The main advantage of AIRM over other variants of aggregated indices methods is its ability to cope with poor-quality input information. It can use non-numeric (ordinal), non-exact (interval) and non-complete expert information to solve multi-criteria decision analysis (MCDM) problems. An exact and transparent mathematical foundation can assure the precision and fidelity of AIRM results.

Background

Ordinary aggregated indices method allows comprehensive estimation of complex (multi-attribute) objects’ quality. Examples of such complex objects (decision alternatives, variants of a choice, etc.) may be found in diverse areas of business, industry, science, etc. (e.g., large-scale technical systems, long-time projects, alternatives of a crucial financial/managerial decision, consumer goods/services, and so on). There is a wide diversity of qualities under evaluation too: efficiency, performance, productivity, safety, reliability, utility, etc.

The essence of the aggregated indices method consists in an aggregation (convolution, synthesizing, etc.) of some single indices (criteria) q(1),...,q(m), each single index being an estimation of a fixed quality of multiattribute objects under investigation, into one aggregated index (criterion) Q=Q(q(1),...,q(m)).

In other words, in the aggregated indices method single estimations of an object, each of them being made from a single (specific) “point of view” (single criterion), is synthesized by aggregative function Q=Q(q(1),...,q(m)) in one aggregated (general) object's estimation Q, which is made from the general “point of view” (general criterion).

Aggregated index Q value is determined not only by single indices’ values but varies depending on non-negative weight-coefficients w(1),...,w(m). Weight-coefficient (“weight”) w(i) is treated as a measure of relative significance of the corresponding single index q(i) for general estimation Q of the quality level.

Summary

It is well known that the most subtle and delicate stage in a variant of the aggregated indices method is the stage of weights estimation because of usual shortage of information about exact values of weight-coefficients. As a rule, we have only non-numerical (ordinal) information, which can be represented by a system of equalities and inequalities for weights, and/or non-exact (interval) information, which can be represented by a system of inequalities, which determine only intervals for the weight-coefficients possible values. Usually ordinal and/or interval information is incomplete (i.e., this information is not enough for one-valued estimation of all weight-coefficients). So, one can say that there is only non-numerical (ordinal), non-exact (interval), and non-complete information (NNN-information) I about weight-coefficient.

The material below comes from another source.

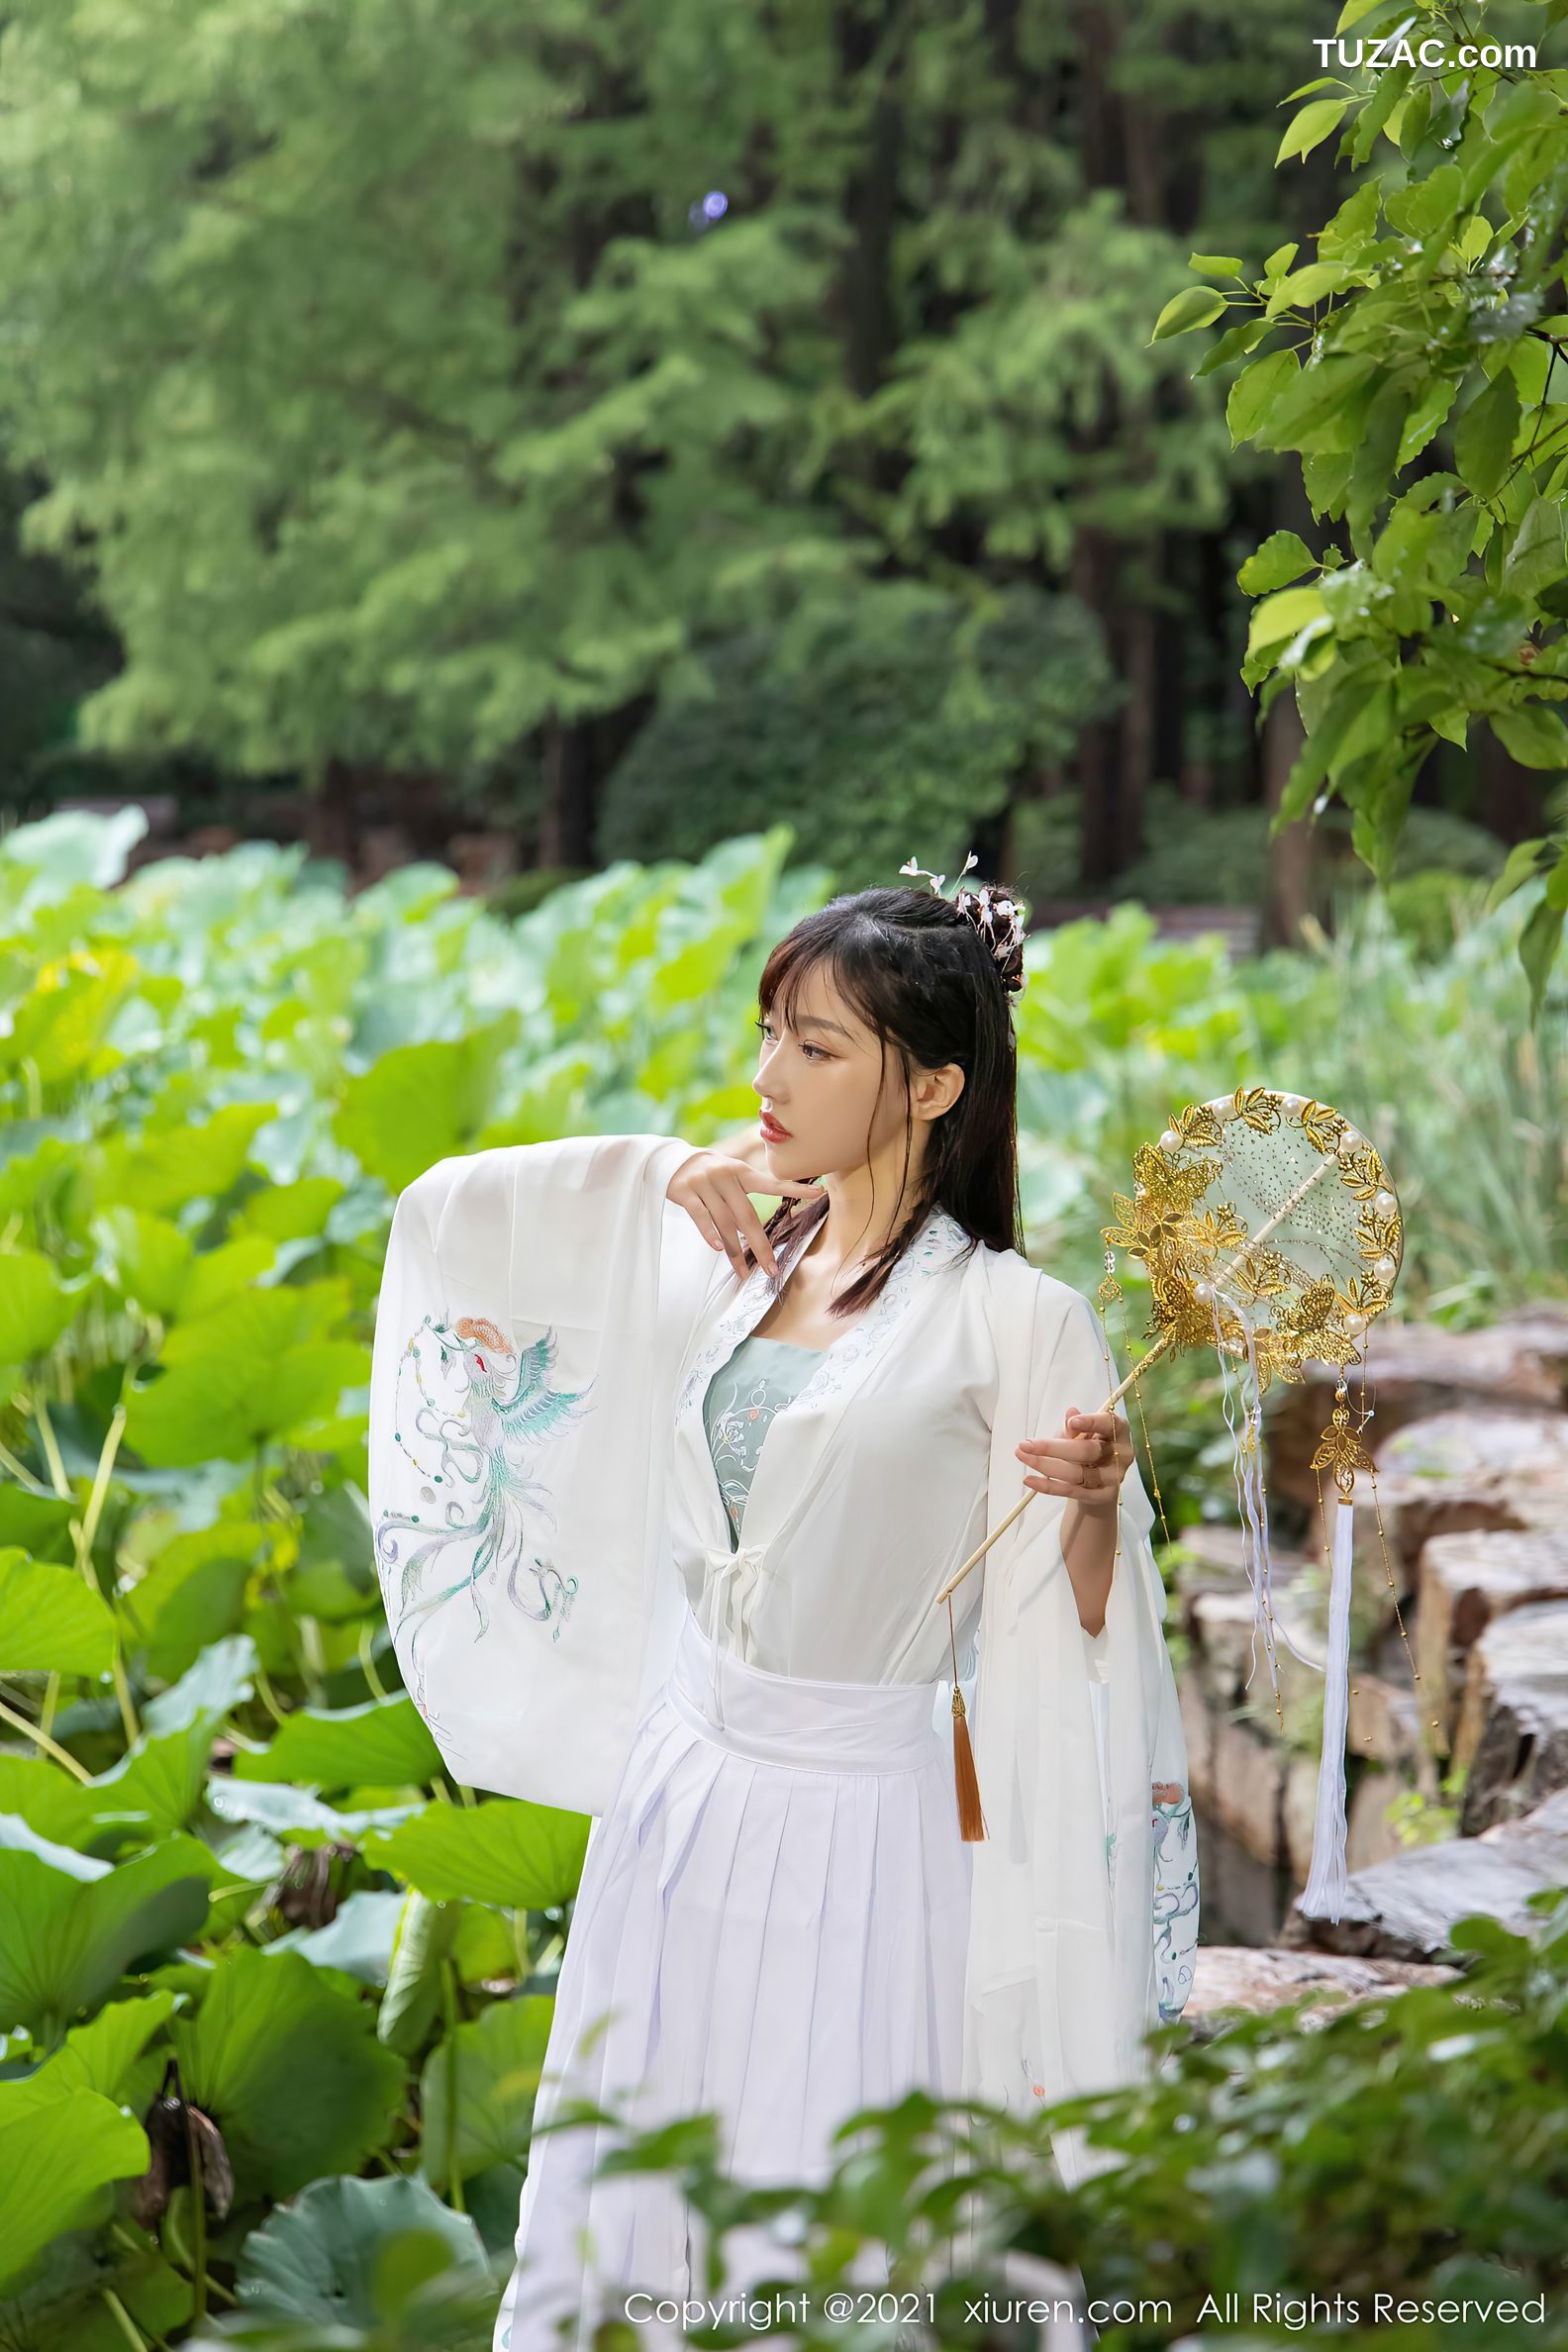 XiuRen秀人网-4344-西门小玉-古装服饰主题白色长衫-2021.12.16

As information I about weights is incomplete, then weight-vector w=(w(1),...,w(m)) is ambiguously determined, i.e., this vector is determined with accuracy to within a set W(I) of all admissible (from the point of view of NNN-information I) weight-vectors. To model such uncertainty we shall address ourselves to the concept of Bayesian randomization . In accordance with the concept, an uncertain choice of a weight-vector from set W(I) is modeling by a random choice of an element of the set. Such randomization produces a random weight-vector W(I)=(W(1;I),...,W(m;I)), which is uniformly distributed on the set W(I).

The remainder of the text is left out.